The Next President and the Supreme Court
By Edwin Meese III
Every vote counts. And this year, it could count double. One vote could decide both the immediate election and the course of constitutional law for decades to come.
Just ask the senior federal officials responsible for our security immediately after 9/11 who were sued years later by Javaid Iqbal. During the investigation into the attacks, FBI officials identified Iqbal as a suspect of high interest and detained him in New York. He sued alleging that high government officials, including Attorney General John Ashcroft, personally ordered that he be discriminated against on the basis of religion, race, or national origin.

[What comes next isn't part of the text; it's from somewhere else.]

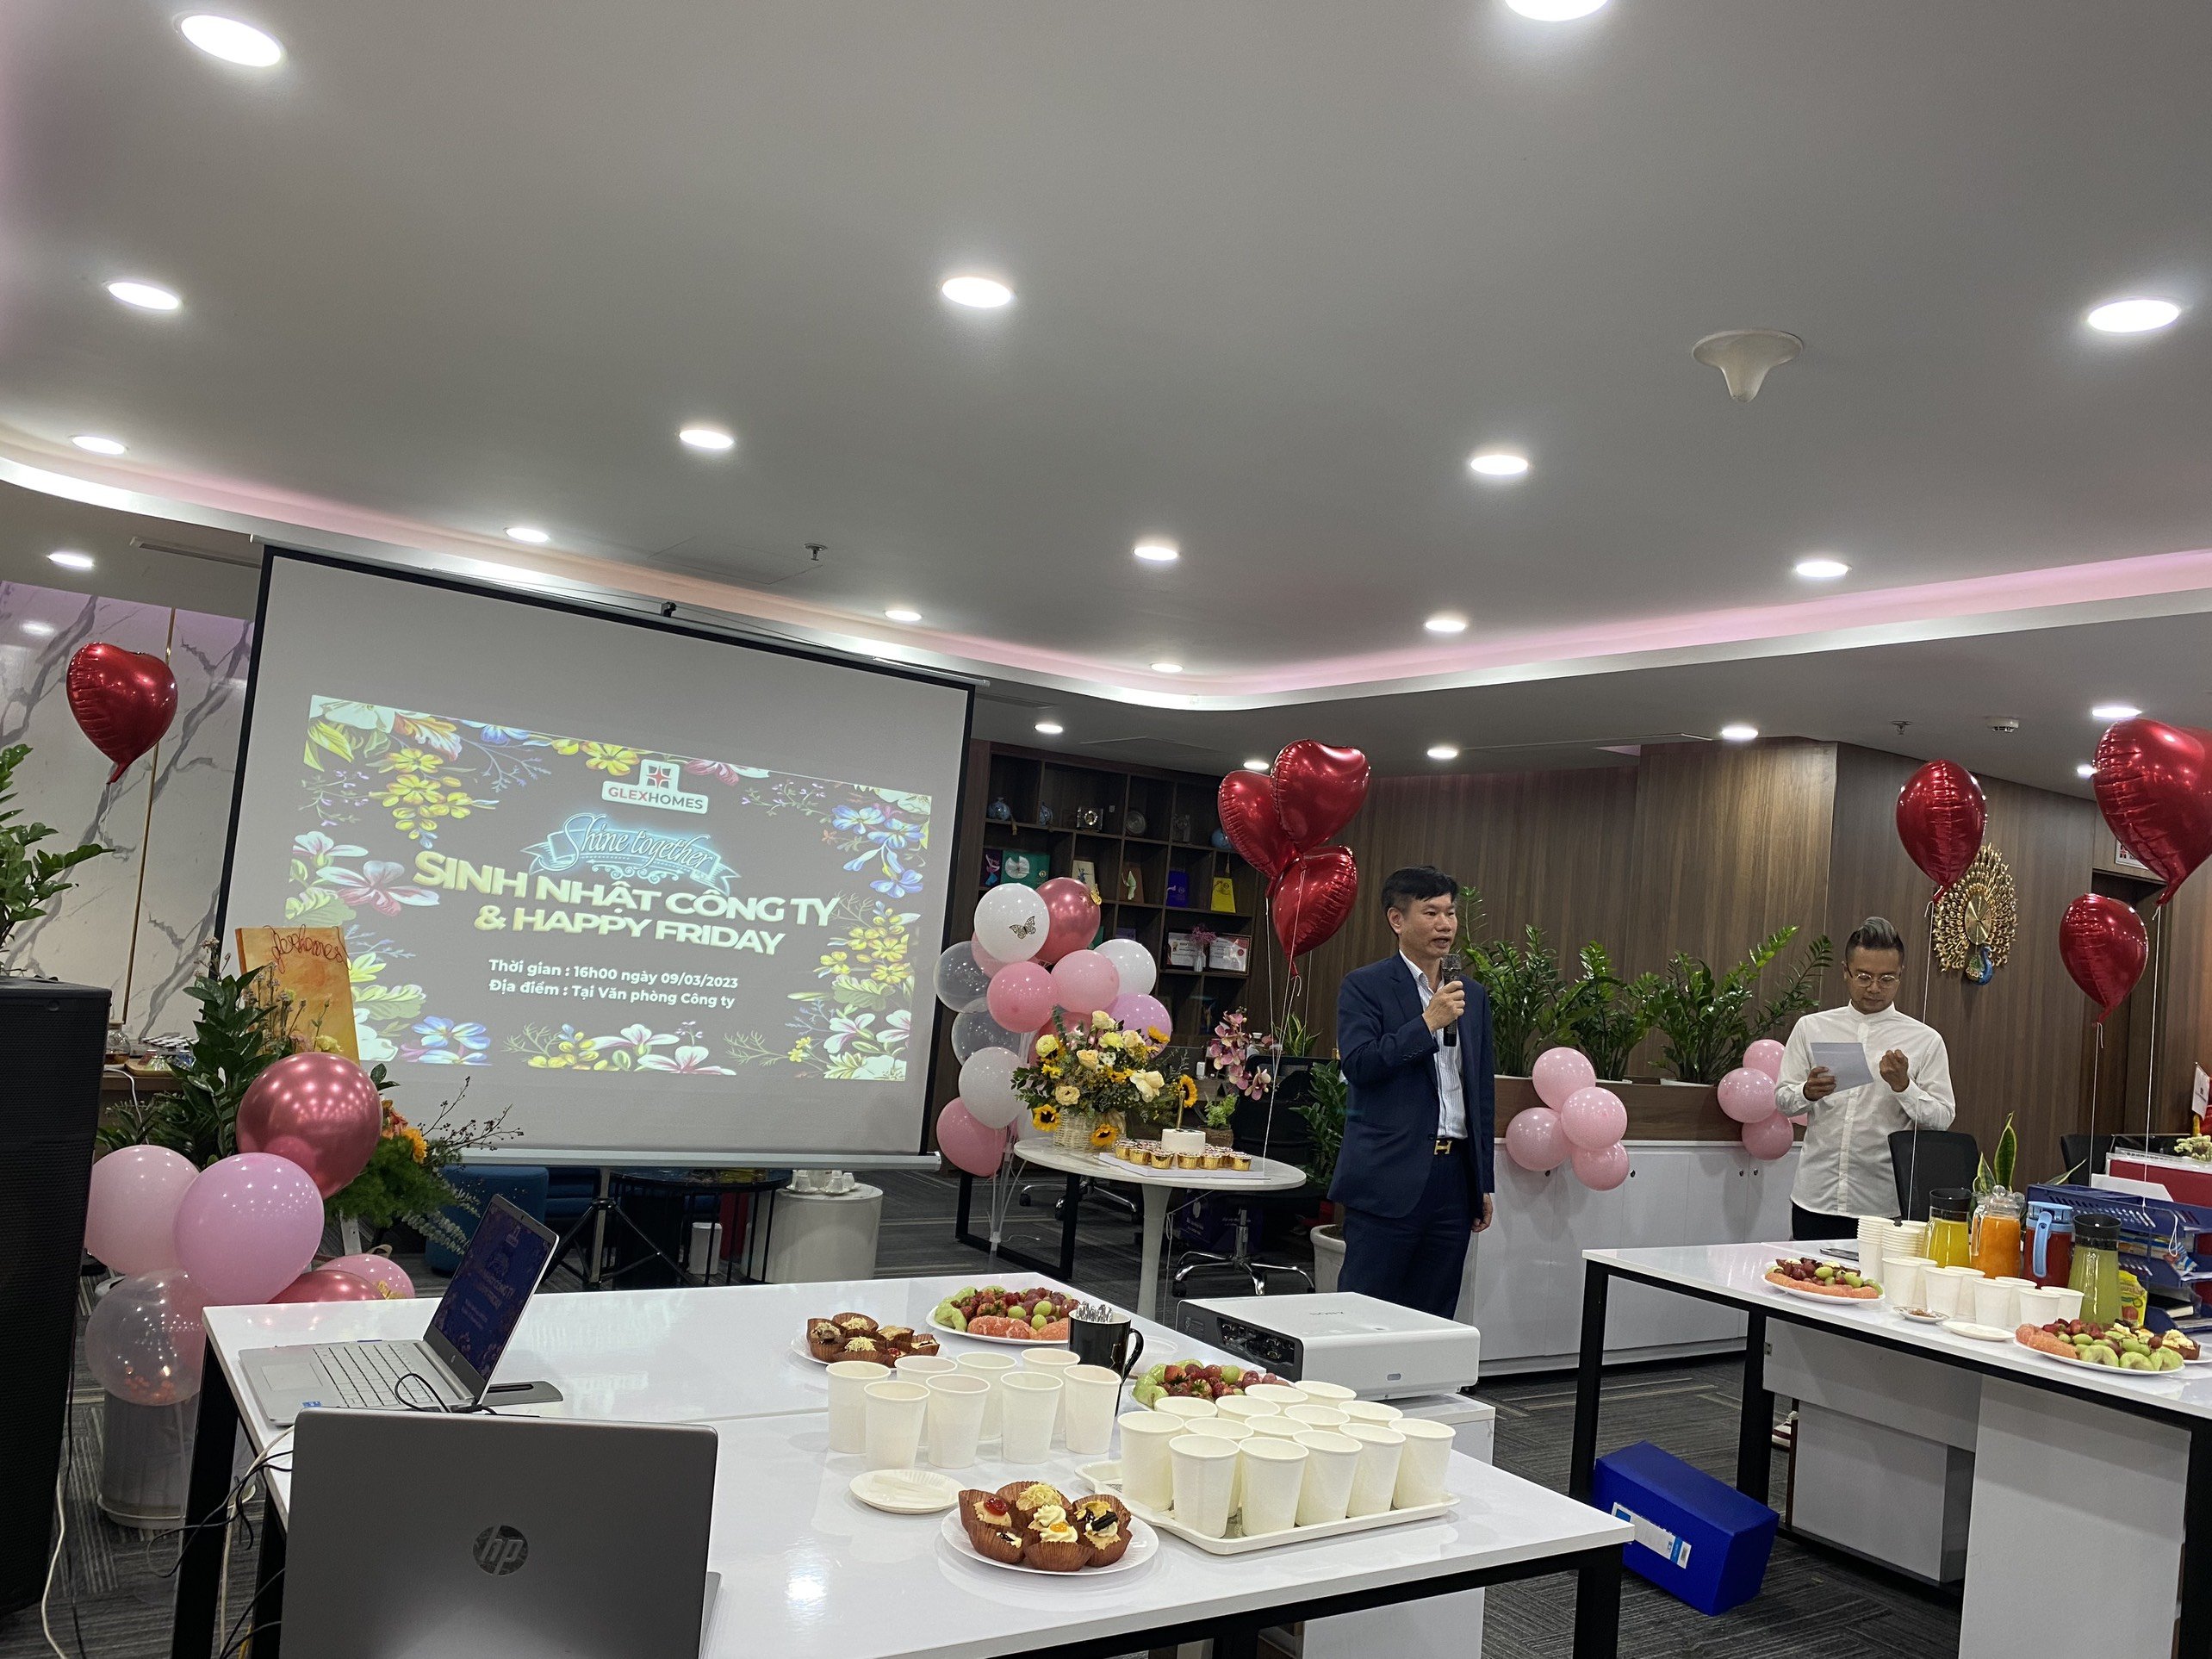 Chuỗi sự kiện Mừng sinh nhật Công ty - SHINE TOGETHER

Iqbal provided no facts in support of his conspiracy theory. When his case finally reached the Supreme Court, five justices properly, but narrowly, rejected his speculative claims that would have cleared the way for plaintiffs’ lawyers to embark on fishing expeditions in hopes of winning windfall damages from current and former federal officials. Only a single vote in the high court kept Iqbal and countless others with no proof of any wrongdoing outside their own imagination from subjecting government officials to depositions and other harassing litigation tactics. Though the chance of hitting a punitive-damages jackpot is small, the prospect of such an award would have ensured a steady flow of rapacious court challenges.
Americans naturally consider many issues in casting their vote for President. But they should remember how important their votes will be in deciding the nation’s constitutional course. Neither presidential candidate has made his criteria for judicial nominations much of an issue during this campaign, but whom we select as President may well determine the viability of the rule of law for the foreseeable future.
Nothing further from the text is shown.